**Records supplied**
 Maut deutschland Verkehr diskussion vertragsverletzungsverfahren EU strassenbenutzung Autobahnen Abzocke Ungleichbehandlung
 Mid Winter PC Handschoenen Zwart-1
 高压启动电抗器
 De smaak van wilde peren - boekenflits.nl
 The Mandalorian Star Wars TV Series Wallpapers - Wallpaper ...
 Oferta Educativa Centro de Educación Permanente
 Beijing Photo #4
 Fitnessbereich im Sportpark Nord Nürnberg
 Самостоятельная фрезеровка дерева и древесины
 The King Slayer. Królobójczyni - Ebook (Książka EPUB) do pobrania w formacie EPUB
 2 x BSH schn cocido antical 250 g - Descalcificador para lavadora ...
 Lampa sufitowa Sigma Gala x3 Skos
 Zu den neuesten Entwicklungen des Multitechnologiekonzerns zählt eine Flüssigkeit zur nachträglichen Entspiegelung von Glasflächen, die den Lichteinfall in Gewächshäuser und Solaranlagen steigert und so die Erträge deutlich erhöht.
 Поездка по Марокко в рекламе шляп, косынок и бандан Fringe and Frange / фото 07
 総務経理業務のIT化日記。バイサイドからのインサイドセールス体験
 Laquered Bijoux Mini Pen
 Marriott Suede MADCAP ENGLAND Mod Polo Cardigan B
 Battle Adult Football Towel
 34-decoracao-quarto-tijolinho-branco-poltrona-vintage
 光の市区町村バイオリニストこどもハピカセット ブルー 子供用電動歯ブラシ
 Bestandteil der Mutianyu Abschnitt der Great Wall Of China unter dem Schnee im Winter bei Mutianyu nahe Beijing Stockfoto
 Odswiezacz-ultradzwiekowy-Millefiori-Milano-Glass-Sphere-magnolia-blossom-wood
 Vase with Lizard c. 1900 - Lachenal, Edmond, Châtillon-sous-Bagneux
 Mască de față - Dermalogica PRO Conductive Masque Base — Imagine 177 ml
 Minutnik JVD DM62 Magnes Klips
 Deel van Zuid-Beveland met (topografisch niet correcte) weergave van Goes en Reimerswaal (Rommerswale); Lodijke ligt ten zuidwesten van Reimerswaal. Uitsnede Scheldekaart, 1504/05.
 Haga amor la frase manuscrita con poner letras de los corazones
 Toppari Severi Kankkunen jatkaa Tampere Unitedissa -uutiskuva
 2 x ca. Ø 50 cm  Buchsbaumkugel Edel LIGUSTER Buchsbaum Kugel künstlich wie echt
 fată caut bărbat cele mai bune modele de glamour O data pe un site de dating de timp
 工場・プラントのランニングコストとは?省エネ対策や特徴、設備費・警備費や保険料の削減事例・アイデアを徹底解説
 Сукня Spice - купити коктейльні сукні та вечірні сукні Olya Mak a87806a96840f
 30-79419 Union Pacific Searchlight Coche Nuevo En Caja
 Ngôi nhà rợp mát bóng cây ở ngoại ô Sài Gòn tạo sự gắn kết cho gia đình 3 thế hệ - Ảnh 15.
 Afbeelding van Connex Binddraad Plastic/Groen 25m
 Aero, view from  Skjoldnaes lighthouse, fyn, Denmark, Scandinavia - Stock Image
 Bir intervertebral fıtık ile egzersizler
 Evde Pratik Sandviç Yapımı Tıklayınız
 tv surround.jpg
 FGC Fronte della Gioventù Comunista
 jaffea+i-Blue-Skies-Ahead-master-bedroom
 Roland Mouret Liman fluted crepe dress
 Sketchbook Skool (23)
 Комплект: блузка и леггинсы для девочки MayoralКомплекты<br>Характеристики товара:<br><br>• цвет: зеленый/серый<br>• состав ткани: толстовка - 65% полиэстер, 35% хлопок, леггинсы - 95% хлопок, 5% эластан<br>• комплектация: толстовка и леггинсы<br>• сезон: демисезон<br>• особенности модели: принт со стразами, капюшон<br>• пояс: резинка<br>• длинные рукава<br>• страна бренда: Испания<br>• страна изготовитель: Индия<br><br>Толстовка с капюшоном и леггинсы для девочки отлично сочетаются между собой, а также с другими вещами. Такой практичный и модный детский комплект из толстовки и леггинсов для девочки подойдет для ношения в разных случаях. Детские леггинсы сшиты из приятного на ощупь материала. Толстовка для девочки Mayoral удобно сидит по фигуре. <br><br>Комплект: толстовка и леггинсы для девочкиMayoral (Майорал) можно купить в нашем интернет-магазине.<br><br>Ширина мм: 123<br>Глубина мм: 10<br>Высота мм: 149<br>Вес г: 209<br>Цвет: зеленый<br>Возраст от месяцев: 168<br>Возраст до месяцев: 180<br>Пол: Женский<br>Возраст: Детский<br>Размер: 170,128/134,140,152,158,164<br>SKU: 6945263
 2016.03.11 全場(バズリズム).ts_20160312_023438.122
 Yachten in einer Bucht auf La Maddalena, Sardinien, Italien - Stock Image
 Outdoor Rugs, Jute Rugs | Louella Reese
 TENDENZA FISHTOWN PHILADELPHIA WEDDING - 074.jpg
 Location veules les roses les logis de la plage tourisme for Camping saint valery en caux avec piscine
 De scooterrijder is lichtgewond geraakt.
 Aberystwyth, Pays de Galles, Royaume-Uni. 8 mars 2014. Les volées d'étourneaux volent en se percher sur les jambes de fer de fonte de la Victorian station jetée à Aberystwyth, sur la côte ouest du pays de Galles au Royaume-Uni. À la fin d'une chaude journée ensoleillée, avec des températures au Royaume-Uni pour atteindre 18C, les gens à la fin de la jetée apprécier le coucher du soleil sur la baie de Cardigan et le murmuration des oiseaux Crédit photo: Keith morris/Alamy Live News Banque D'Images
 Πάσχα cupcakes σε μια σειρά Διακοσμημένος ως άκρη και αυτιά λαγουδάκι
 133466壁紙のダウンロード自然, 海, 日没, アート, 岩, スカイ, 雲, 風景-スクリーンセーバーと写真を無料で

**What to do**
Starting at the line that contains "Minutnik JVD DM62 Magnes Klips" and stopping after the line that contains "Sketchbook Skool (23)", write out every line exactly as it appears above, and no other line.

**Completed task**
 Minutnik JVD DM62 Magnes Klips
 Deel van Zuid-Beveland met (topografisch niet correcte) weergave van Goes en Reimerswaal (Rommerswale); Lodijke ligt ten zuidwesten van Reimerswaal. Uitsnede Scheldekaart, 1504/05.
 Haga amor la frase manuscrita con poner letras de los corazones
 Toppari Severi Kankkunen jatkaa Tampere Unitedissa -uutiskuva
 2 x ca. Ø 50 cm  Buchsbaumkugel Edel LIGUSTER Buchsbaum Kugel künstlich wie echt
 fată caut bărbat cele mai bune modele de glamour O data pe un site de dating de timp
 工場・プラントのランニングコストとは?省エネ対策や特徴、設備費・警備費や保険料の削減事例・アイデアを徹底解説
 Сукня Spice - купити коктейльні сукні та вечірні сукні Olya Mak a87806a96840f
 30-79419 Union Pacific Searchlight Coche Nuevo En Caja
 Ngôi nhà rợp mát bóng cây ở ngoại ô Sài Gòn tạo sự gắn kết cho gia đình 3 thế hệ - Ảnh 15.
 Afbeelding van Connex Binddraad Plastic/Groen 25m
 Aero, view from  Skjoldnaes lighthouse, fyn, Denmark, Scandinavia - Stock Image
 Bir intervertebral fıtık ile egzersizler
 Evde Pratik Sandviç Yapımı Tıklayınız
 tv surround.jpg
 FGC Fronte della Gioventù Comunista
 jaffea+i-Blue-Skies-Ahead-master-bedroom
 Roland Mouret Liman fluted crepe dress
 Sketchbook Skool (23)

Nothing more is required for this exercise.